Khen-Dunlop Naziha, Beaudoin Sylvie, Marion Blandine, Rousseau Véronique, Giuseppi Agnes, Nicloux Muriel, Grevent David, Salomon Laurent J, Aigrain Yves, Lapillonne Alexandre, Sarnacki Sabine
AP-HP, Hôpital Necker-Enfants malades, Service de Chirurgie Pédiatrique Viscérale, Paris, France; Université Paris Descartes, Paris, France; EA 7328 FETUS, Hôpital Necker-Enfants malades, Paris, France.
AP-HP, Hôpital Necker-Enfants malades, Service de Chirurgie Pédiatrique Viscérale, Paris, France; Université Paris Descartes, Paris, France.
J Pediatr Surg. 2017 Mar;52(3):454-457. doi: 10.1016/j.jpedsurg.2016.10.002. Epub 2016 Oct 13.
Complete intestinal volvulus is mainly related to congenital anomalies of the so-called intestinal malrotation, whereas segmental volvulus appears as a distinct entity, mostly observed during the perinatal period. Because these two situations are still lumped together, the aim of this study was to describe the particular condition of neonatal segmental volvulus.

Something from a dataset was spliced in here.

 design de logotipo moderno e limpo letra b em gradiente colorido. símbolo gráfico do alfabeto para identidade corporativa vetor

We analyzed the circumstances of diagnosis and management of 17 consecutives neonates operated for segmental volvulus more than a 10-year period in a single institution. During the same period, 19 cases of neonatal complete midgut volvulus were operated.
Prenatal US exam anomalies were observed in 16/17 (94%) of segmental volvulus, significantly more frequently than in complete volvulus (p=0.003). Intestinal malposition was described peroperatively in all cases of complete volvulus, but also in 4/17 segmental volvulus (23%). Intestinal resection was performed in 88% of segmental volvulus when only one extensive intestinal necrosis was observed in complete volvulus. Parenteral nutrition was required in all patients with segmental volvulus with a median duration of 50days (range 5-251).

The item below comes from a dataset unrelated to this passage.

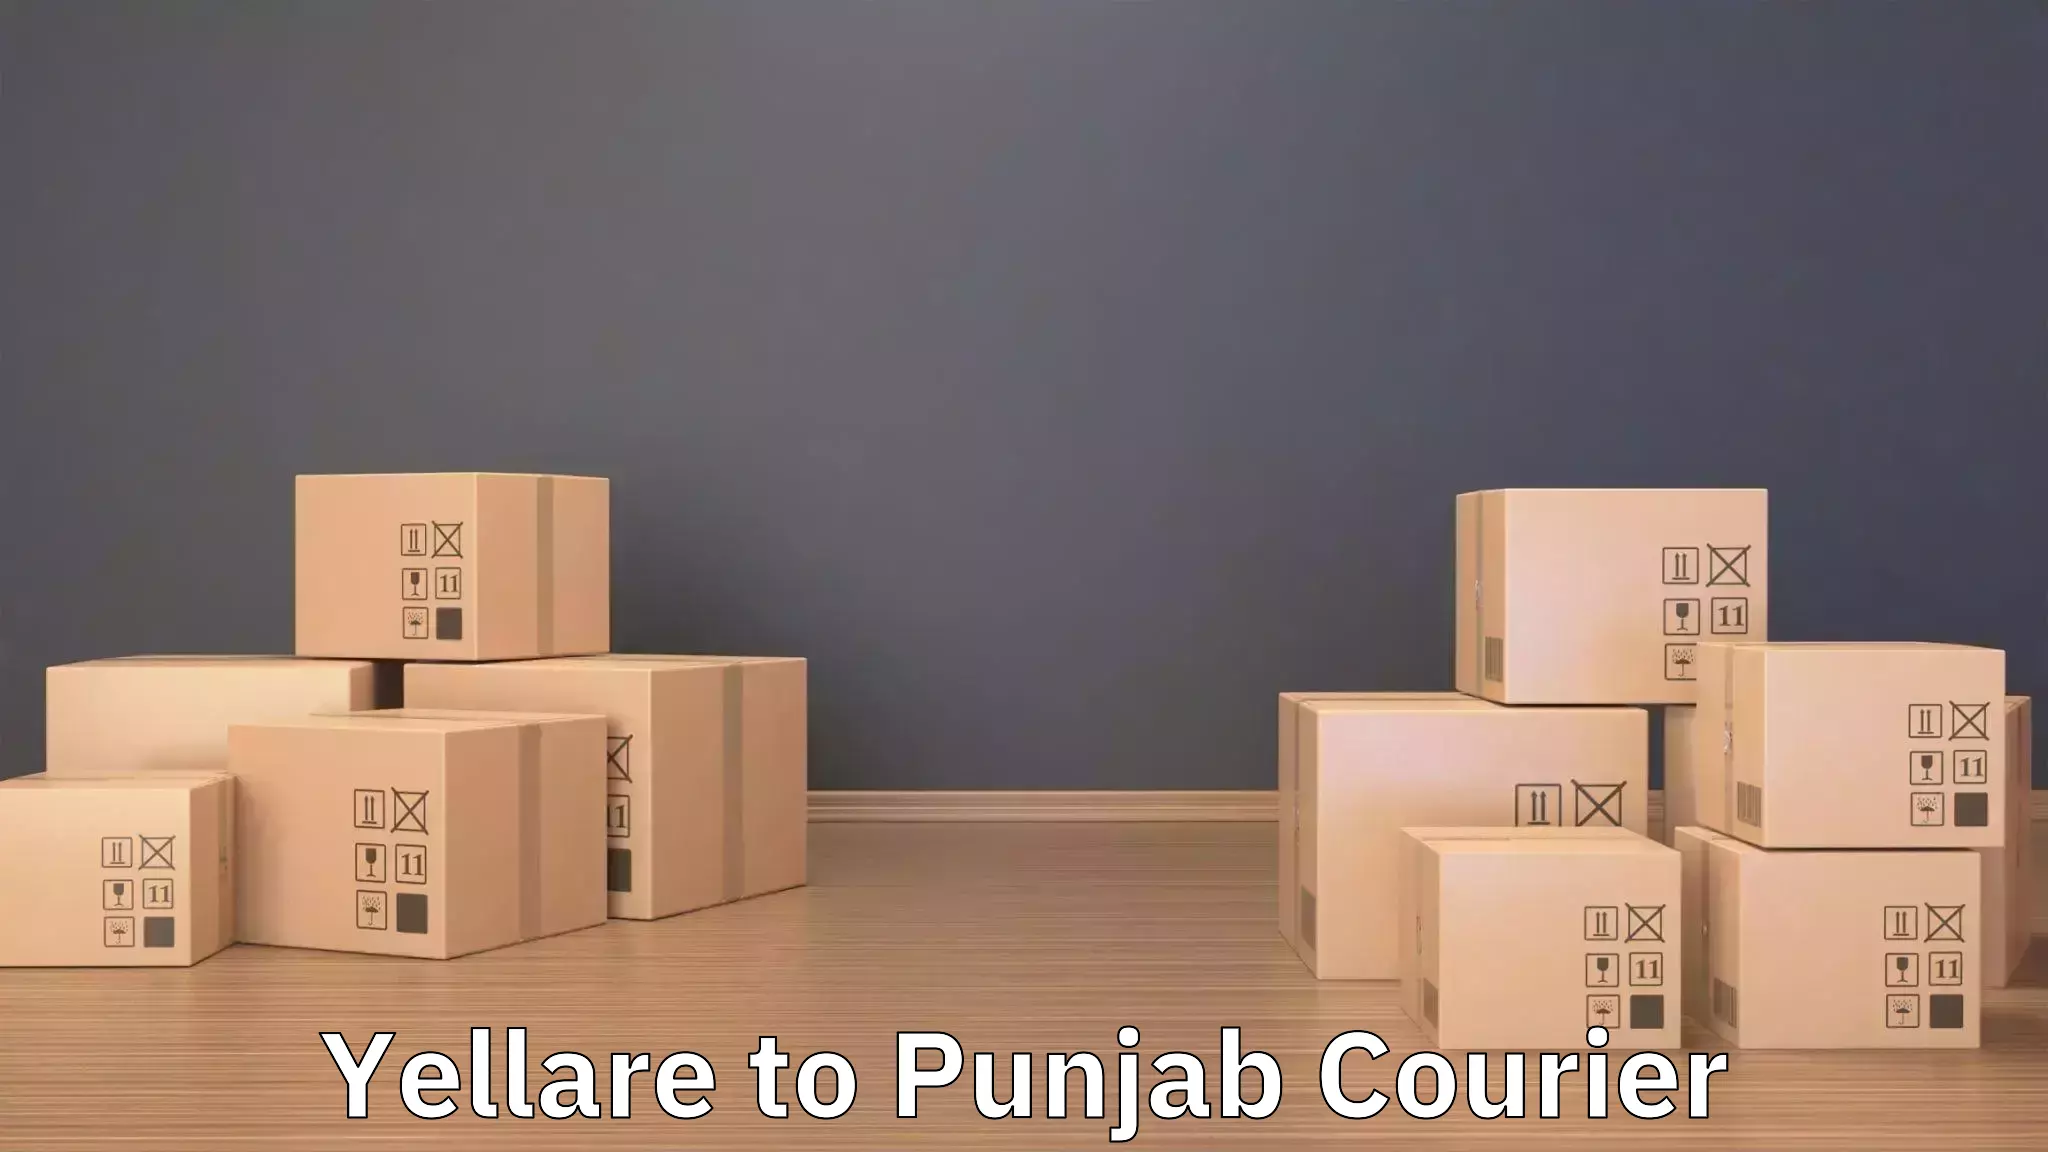 Quick furniture moving in Yellare to Punjab

Segmental volvulus occurs mainly prenatally and leads to fetal ultrasound anomalies. This situation, despite a limited length of intestinal loss, is associated to significant postnatal morbidity.
Treatment study.
Level IV.
完全性肠扭转主要与所谓的肠旋转不良的先天性异常有关,而节段性肠扭转表现为一种独特的病症,大多在围产期观察到。由于这两种情况仍被混为一谈,本研究的目的是描述新生儿节段性肠扭转的特殊情况。

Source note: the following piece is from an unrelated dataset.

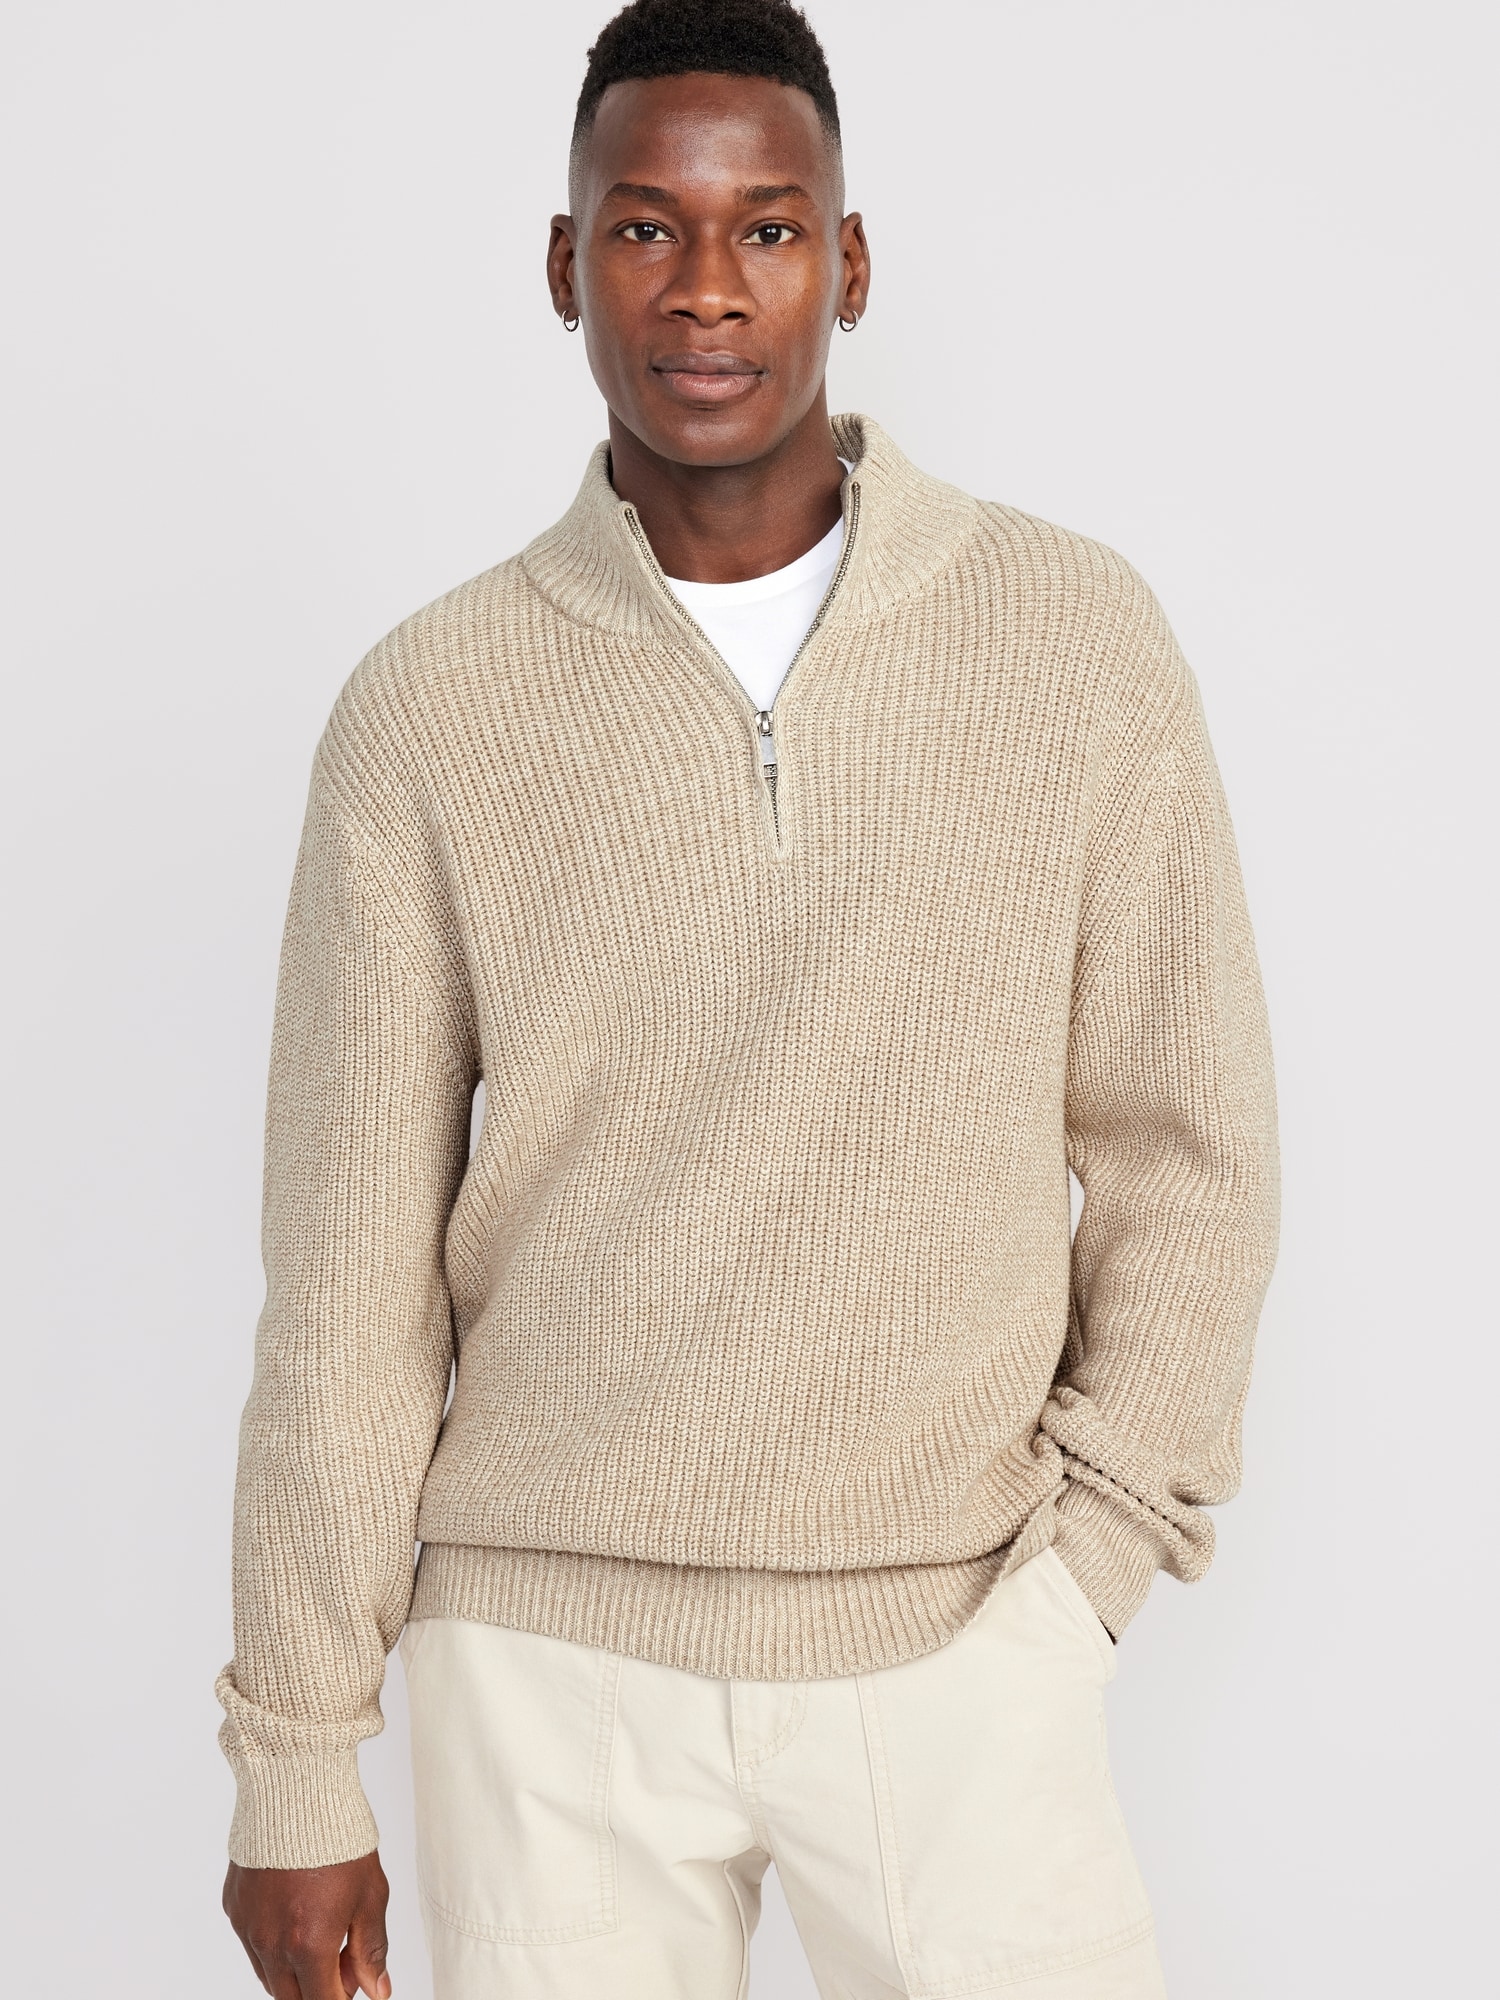 Men's Quarter Zip Sweaters

我们分析了在一家机构中10多年间连续接受节段性肠扭转手术的17例新生儿的诊断和治疗情况。同期,19例新生儿完全性中肠扭转接受了手术。
17例节段性肠扭转中有16例(94%)在产前超声检查中发现异常,明显比完全性肠扭转更常见(p=0.003)。所有完全性肠扭转病例术中均描述有肠位置异常,但17例节段性肠扭转中也有4例(23%)存在。完全性肠扭转仅观察到一处广泛肠坏死时,88%的节段性肠扭转进行了肠切除。所有节段性肠扭转患者均需要肠外营养,中位持续时间为50天(范围5-251天)。
节段性肠扭转主要发生在产前,并导致胎儿超声异常。这种情况尽管肠丢失长度有限,但与显著的产后发病率相关。
治疗研究。
四级。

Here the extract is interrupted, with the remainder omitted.